▶ **What you need to do**
Only lines with the word "Sets" belong in the answer; copy them from the records below.

▶ **Records**
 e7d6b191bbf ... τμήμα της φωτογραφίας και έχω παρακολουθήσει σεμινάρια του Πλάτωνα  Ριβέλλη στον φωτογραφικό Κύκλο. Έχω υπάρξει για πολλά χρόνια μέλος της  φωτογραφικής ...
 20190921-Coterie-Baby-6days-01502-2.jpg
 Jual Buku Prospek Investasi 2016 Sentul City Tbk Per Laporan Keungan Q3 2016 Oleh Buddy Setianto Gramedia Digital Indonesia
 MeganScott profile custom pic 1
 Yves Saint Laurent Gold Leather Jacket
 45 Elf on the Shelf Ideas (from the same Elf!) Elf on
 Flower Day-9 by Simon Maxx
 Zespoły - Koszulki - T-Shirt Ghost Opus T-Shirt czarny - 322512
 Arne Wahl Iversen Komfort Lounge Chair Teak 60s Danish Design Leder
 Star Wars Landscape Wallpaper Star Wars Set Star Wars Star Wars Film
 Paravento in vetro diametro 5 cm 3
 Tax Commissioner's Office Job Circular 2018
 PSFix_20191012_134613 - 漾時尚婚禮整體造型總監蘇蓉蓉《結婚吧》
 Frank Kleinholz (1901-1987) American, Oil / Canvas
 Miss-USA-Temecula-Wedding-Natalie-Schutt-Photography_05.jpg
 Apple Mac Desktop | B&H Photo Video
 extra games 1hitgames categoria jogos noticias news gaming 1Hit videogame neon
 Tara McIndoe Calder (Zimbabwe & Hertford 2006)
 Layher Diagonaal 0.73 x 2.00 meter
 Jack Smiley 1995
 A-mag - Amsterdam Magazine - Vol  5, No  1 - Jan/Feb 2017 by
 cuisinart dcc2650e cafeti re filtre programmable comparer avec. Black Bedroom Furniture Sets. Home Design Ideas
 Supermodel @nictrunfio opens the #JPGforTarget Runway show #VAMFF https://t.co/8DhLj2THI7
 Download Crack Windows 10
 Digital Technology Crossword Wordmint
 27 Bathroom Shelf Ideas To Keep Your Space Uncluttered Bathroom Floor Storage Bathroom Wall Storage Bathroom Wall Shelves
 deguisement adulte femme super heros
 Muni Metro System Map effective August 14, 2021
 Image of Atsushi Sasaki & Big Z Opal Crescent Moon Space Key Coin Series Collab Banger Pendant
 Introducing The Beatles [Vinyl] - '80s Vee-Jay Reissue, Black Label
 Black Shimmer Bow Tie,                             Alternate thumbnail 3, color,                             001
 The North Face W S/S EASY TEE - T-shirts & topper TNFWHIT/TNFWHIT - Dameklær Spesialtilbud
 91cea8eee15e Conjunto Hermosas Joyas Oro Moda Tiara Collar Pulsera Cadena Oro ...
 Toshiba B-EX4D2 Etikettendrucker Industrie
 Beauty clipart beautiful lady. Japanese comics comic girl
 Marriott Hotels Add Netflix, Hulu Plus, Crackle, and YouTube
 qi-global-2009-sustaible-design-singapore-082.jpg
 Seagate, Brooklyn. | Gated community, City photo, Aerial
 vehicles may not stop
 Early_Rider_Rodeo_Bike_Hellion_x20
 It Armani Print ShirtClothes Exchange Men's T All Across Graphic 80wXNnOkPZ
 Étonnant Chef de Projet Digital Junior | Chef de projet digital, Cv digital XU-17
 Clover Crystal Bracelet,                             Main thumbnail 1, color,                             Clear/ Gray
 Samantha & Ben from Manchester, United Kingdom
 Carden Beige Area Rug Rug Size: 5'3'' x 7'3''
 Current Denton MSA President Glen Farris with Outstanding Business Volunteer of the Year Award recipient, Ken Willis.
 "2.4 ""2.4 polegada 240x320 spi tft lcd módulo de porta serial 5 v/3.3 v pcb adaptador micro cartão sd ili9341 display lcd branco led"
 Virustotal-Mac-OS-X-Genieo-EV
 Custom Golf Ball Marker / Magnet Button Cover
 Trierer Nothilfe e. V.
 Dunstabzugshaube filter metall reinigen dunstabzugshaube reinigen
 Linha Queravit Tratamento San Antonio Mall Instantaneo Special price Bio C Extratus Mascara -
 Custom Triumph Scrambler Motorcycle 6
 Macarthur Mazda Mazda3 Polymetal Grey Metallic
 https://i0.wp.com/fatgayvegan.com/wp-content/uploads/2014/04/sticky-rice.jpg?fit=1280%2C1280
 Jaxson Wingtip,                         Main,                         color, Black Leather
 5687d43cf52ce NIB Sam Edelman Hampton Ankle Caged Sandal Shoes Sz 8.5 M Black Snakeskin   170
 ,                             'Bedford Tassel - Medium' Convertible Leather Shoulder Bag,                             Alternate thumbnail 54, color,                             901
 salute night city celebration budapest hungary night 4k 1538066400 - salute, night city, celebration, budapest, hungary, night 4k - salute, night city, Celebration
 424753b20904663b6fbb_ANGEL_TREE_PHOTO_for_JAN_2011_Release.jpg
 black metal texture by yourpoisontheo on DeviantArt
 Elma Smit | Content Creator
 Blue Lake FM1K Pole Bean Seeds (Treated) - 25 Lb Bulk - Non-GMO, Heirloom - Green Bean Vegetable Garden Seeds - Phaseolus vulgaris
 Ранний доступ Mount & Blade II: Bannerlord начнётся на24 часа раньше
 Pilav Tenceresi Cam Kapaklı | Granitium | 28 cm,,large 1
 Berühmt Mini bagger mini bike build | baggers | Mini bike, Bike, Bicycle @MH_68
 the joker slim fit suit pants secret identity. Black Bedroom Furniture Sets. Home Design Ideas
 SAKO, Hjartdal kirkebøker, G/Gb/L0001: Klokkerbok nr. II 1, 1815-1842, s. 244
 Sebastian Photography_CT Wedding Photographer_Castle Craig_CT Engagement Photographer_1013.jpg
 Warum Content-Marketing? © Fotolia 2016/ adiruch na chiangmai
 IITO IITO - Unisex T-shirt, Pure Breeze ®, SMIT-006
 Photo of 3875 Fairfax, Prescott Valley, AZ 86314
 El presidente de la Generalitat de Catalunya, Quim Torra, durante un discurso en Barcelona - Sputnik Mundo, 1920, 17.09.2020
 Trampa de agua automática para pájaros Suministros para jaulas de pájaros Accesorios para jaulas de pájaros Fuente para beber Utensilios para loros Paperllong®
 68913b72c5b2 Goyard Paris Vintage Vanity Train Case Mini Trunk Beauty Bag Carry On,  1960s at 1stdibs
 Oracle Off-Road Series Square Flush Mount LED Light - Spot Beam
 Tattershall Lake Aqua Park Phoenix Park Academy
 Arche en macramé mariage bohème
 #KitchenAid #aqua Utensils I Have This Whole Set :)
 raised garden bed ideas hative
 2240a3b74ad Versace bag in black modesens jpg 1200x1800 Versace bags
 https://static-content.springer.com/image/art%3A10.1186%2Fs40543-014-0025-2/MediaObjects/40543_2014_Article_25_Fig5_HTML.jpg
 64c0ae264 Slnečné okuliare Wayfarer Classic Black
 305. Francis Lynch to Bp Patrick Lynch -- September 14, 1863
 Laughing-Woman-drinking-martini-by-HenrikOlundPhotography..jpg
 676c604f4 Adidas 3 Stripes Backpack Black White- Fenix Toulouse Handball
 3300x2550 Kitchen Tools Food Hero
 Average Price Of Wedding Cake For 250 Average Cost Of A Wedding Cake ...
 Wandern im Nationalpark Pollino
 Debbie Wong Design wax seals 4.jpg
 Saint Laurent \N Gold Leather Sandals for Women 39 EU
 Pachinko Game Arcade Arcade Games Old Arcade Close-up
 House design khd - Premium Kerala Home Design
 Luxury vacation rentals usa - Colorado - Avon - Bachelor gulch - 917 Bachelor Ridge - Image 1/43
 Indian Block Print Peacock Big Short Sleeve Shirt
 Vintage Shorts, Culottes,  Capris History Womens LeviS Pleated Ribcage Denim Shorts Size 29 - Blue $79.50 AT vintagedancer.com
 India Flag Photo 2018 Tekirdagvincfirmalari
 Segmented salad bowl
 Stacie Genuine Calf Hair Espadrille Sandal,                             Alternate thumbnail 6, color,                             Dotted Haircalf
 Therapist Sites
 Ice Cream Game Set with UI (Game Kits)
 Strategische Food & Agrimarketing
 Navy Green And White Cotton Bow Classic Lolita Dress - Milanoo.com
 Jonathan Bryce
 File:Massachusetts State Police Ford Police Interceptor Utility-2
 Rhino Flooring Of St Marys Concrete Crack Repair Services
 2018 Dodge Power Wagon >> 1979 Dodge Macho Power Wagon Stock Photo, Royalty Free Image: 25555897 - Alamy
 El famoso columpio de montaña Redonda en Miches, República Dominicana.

▶ **Problem solution**
 cuisinart dcc2650e cafeti re filtre programmable comparer avec. Black Bedroom Furniture Sets. Home Design Ideas
 the joker slim fit suit pants secret identity. Black Bedroom Furniture Sets. Home Design Ideas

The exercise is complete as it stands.